Goal of the exercise
Nothing but the pictures is dropped; write out all the remaining data below exactly.

Collected data
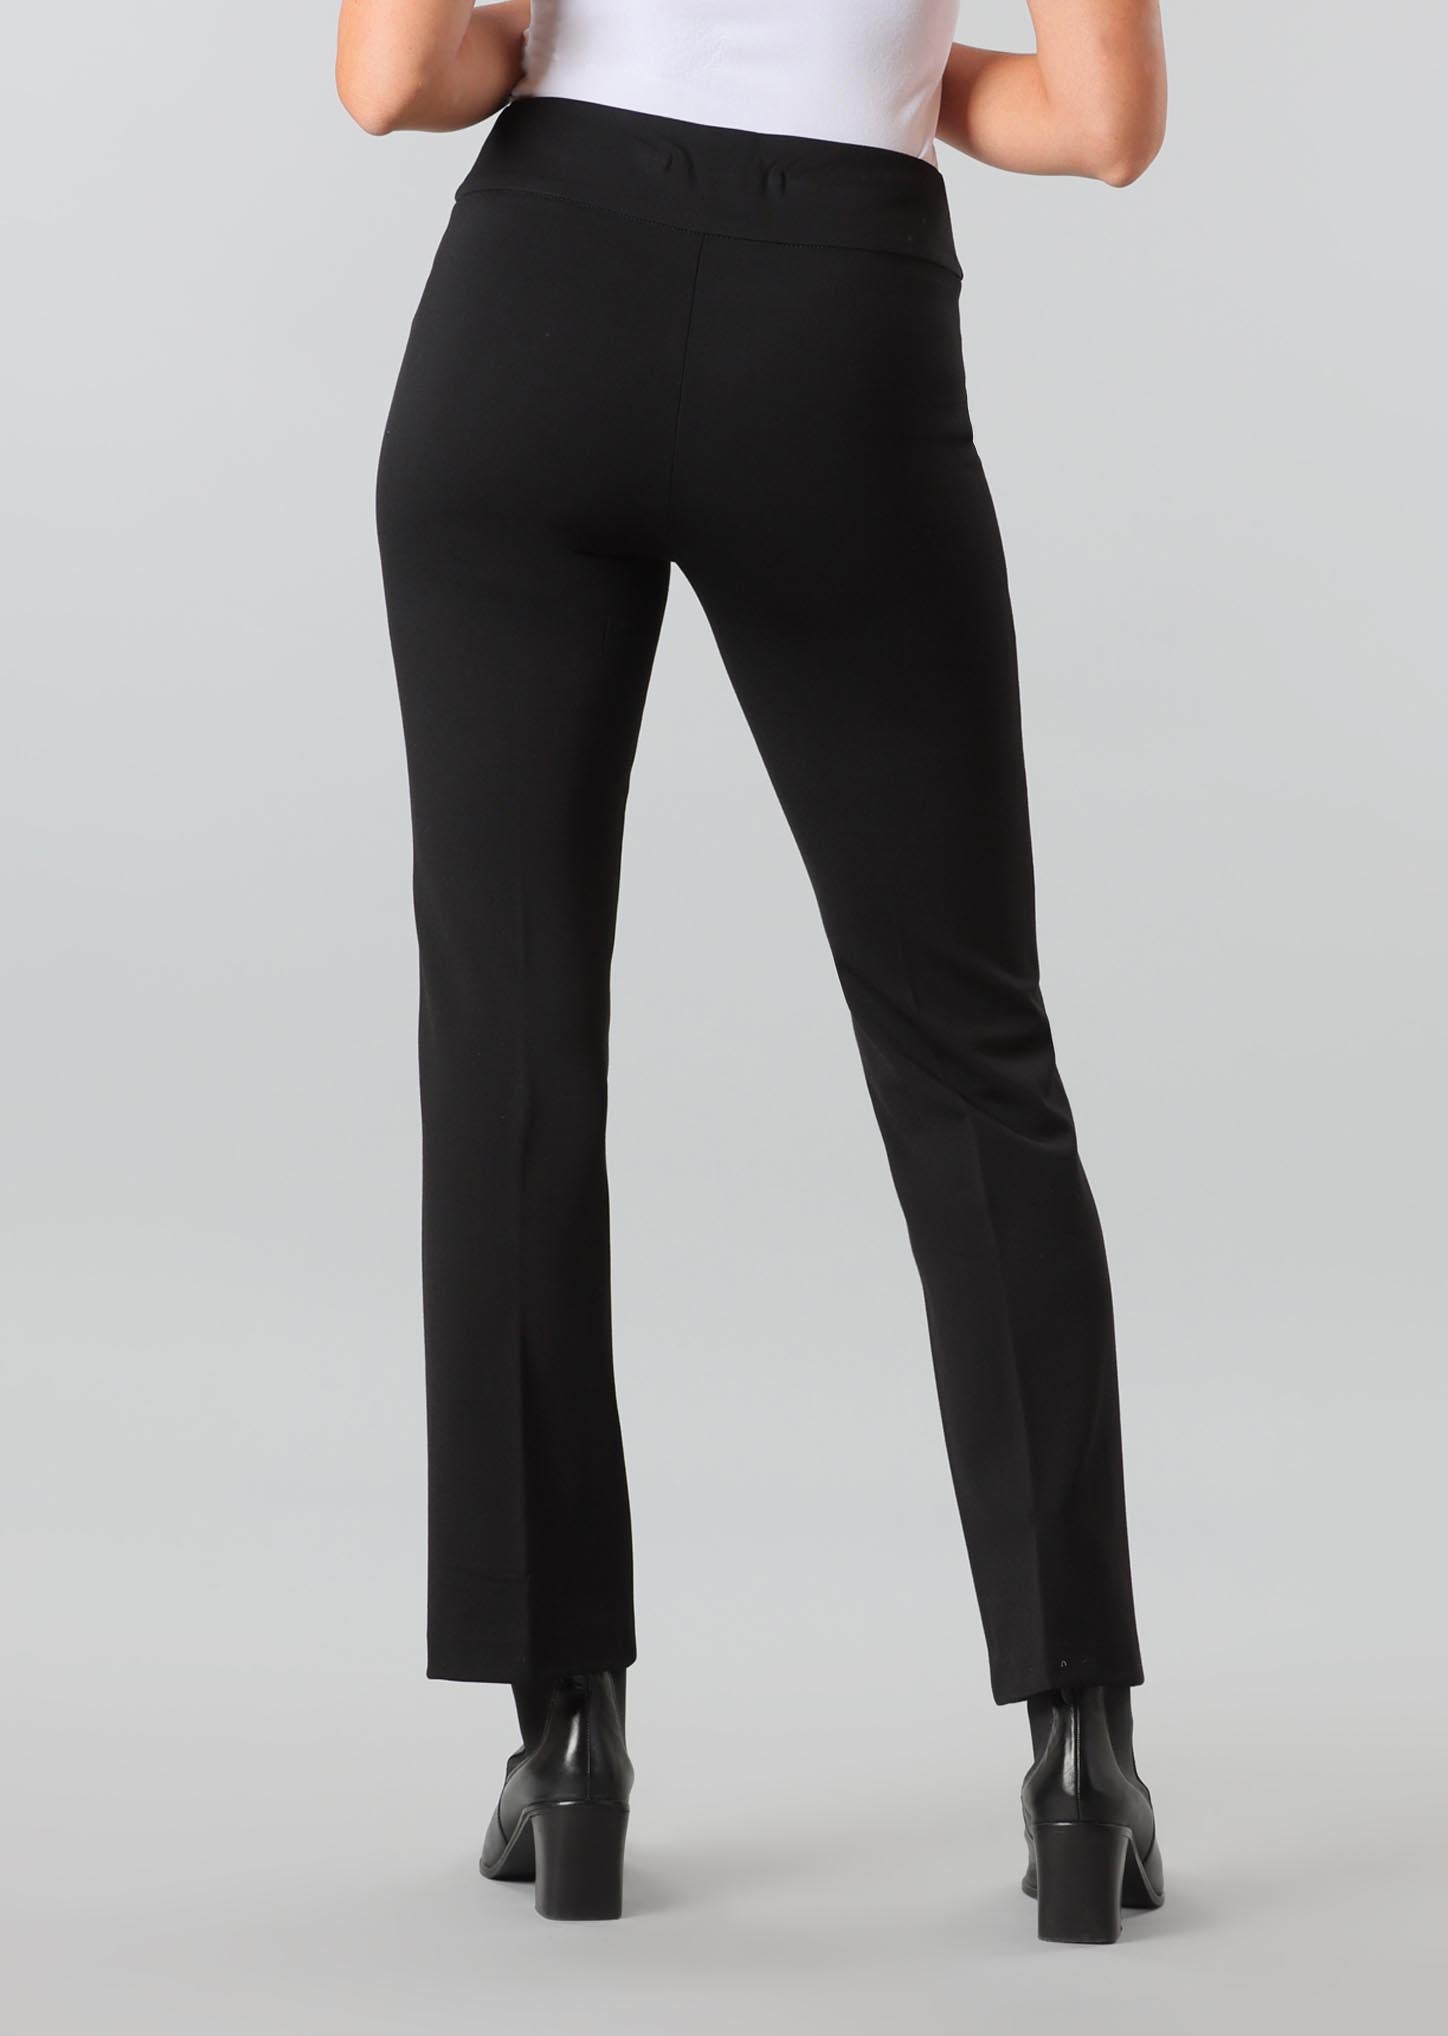 Pantalon pour femme par Lisette L | 25856 Black/Noir | Boutique Vvög, vêtements mode pour homme et femme
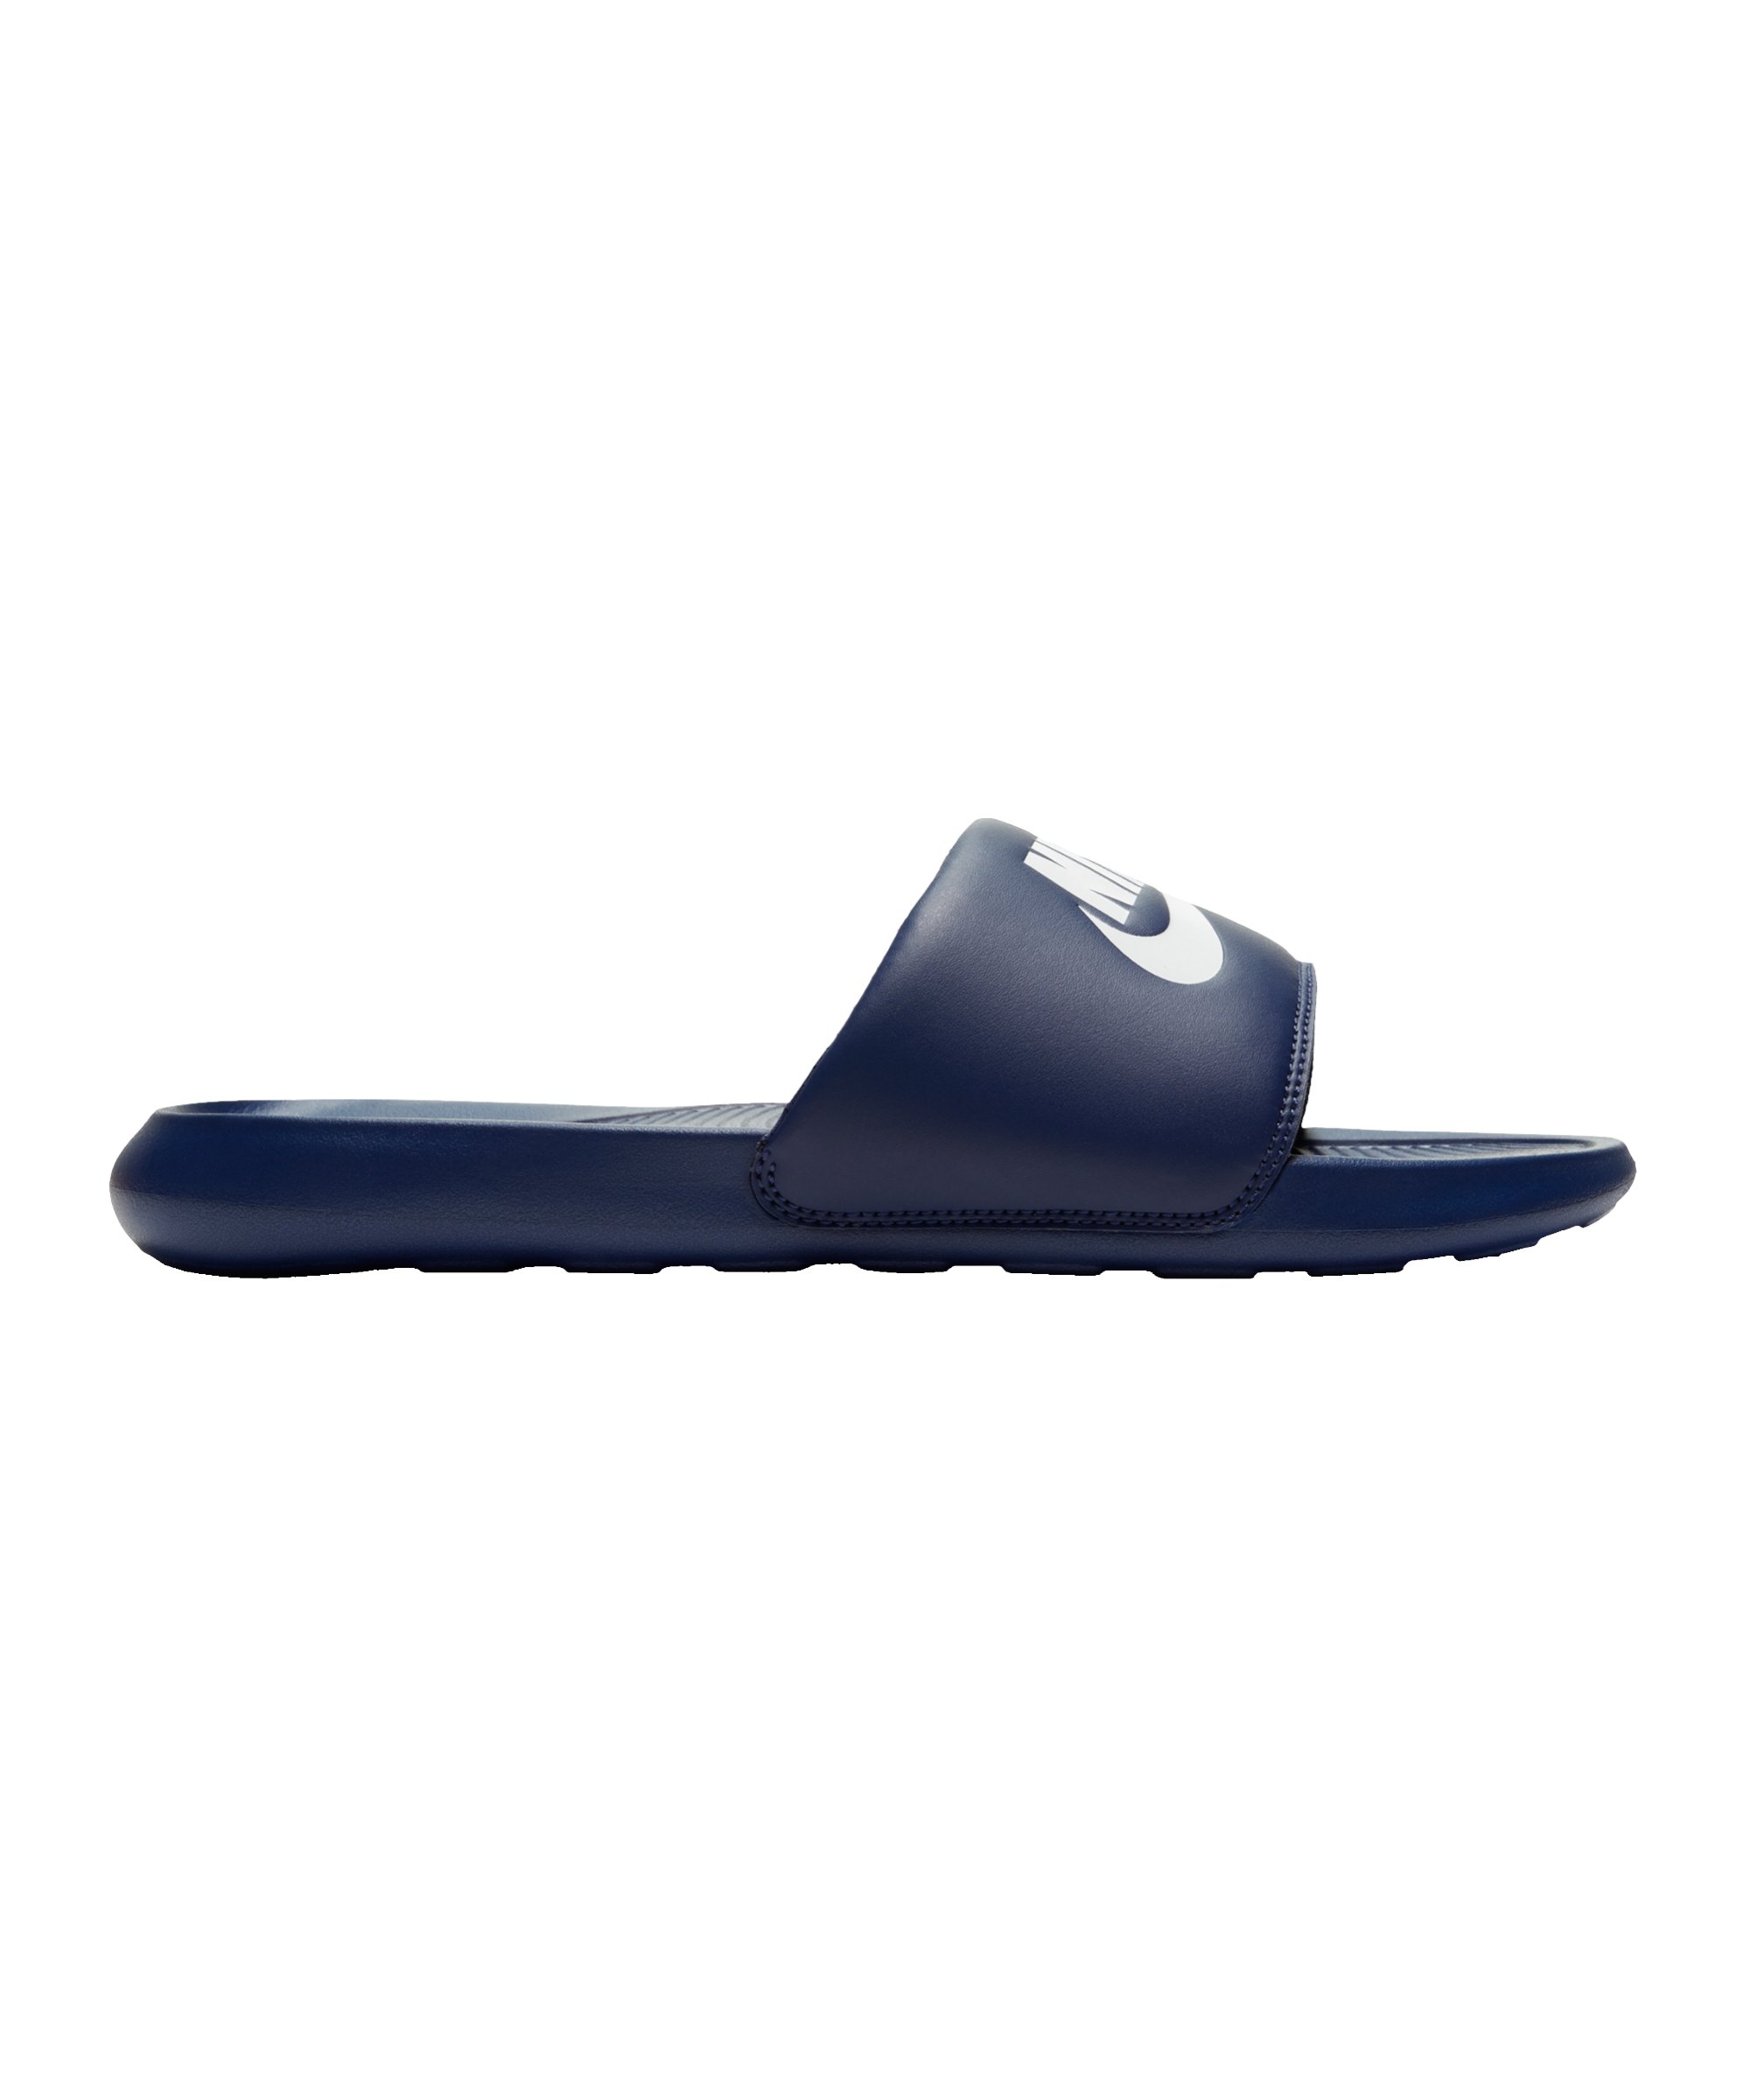 Nike Victori One Slide Badelatsche Blau F401 - blau
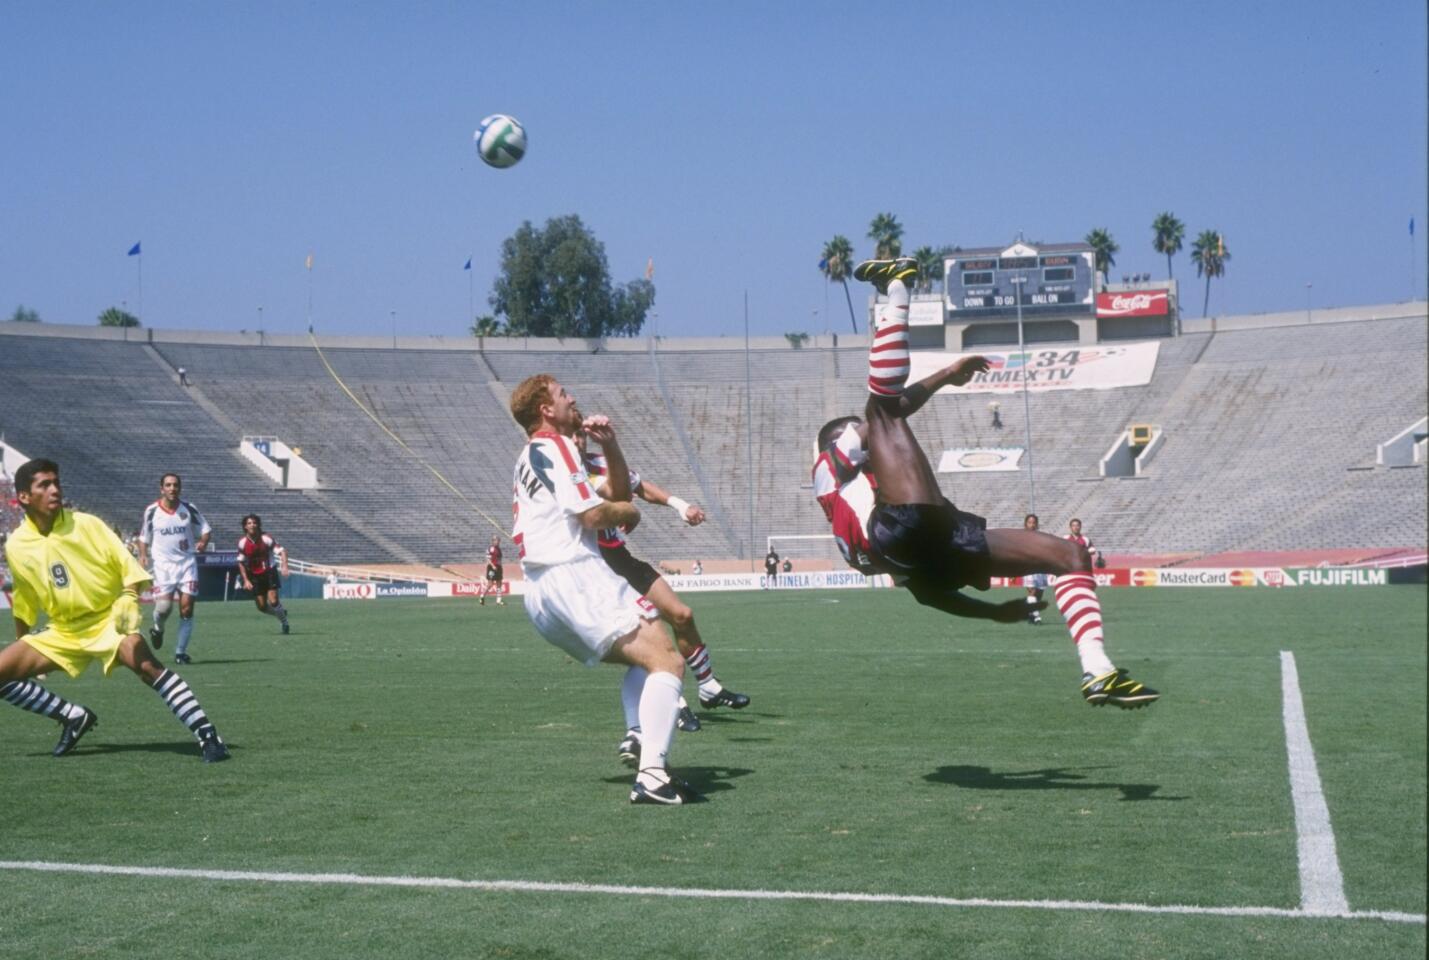 El Galaxy de Los Ángeles es uno de los clubes más importantes del futbol estadounidense, que cumple 25 años en este 2020. A pesar de la pausa por la pandemia, el conjunto galáctico ha celebrado su rica historia este año pues fue una de las franquicias originales de la MLS, la cual comenzó en 1996. Con elementos como Jorge Campos, Eduardo Hurtado, Mauricio Cienfuegos y Cobi Jones, el equipo galáctico comenzó jugando en el Rose Bowl de Pasadena. Con el pasar de los años, llegó a ganar 5 trofeos de la MLS, pero todo comenzó en 1996, en aquella temporada que lograron el subcampeonato.

Solution to this problem
 Pantalon pour femme par Lisette L | 25856 Black/Noir | Boutique Vvög, vêtements mode pour homme et femme
 Nike Victori One Slide Badelatsche Blau F401 - blau
 El Galaxy de Los Ángeles es uno de los clubes más importantes del futbol estadounidense, que cumple 25 años en este 2020. A pesar de la pausa por la pandemia, el conjunto galáctico ha celebrado su rica historia este año pues fue una de las franquicias originales de la MLS, la cual comenzó en 1996. Con elementos como Jorge Campos, Eduardo Hurtado, Mauricio Cienfuegos y Cobi Jones, el equipo galáctico comenzó jugando en el Rose Bowl de Pasadena. Con el pasar de los años, llegó a ganar 5 trofeos de la MLS, pero todo comenzó en 1996, en aquella temporada que lograron el subcampeonato.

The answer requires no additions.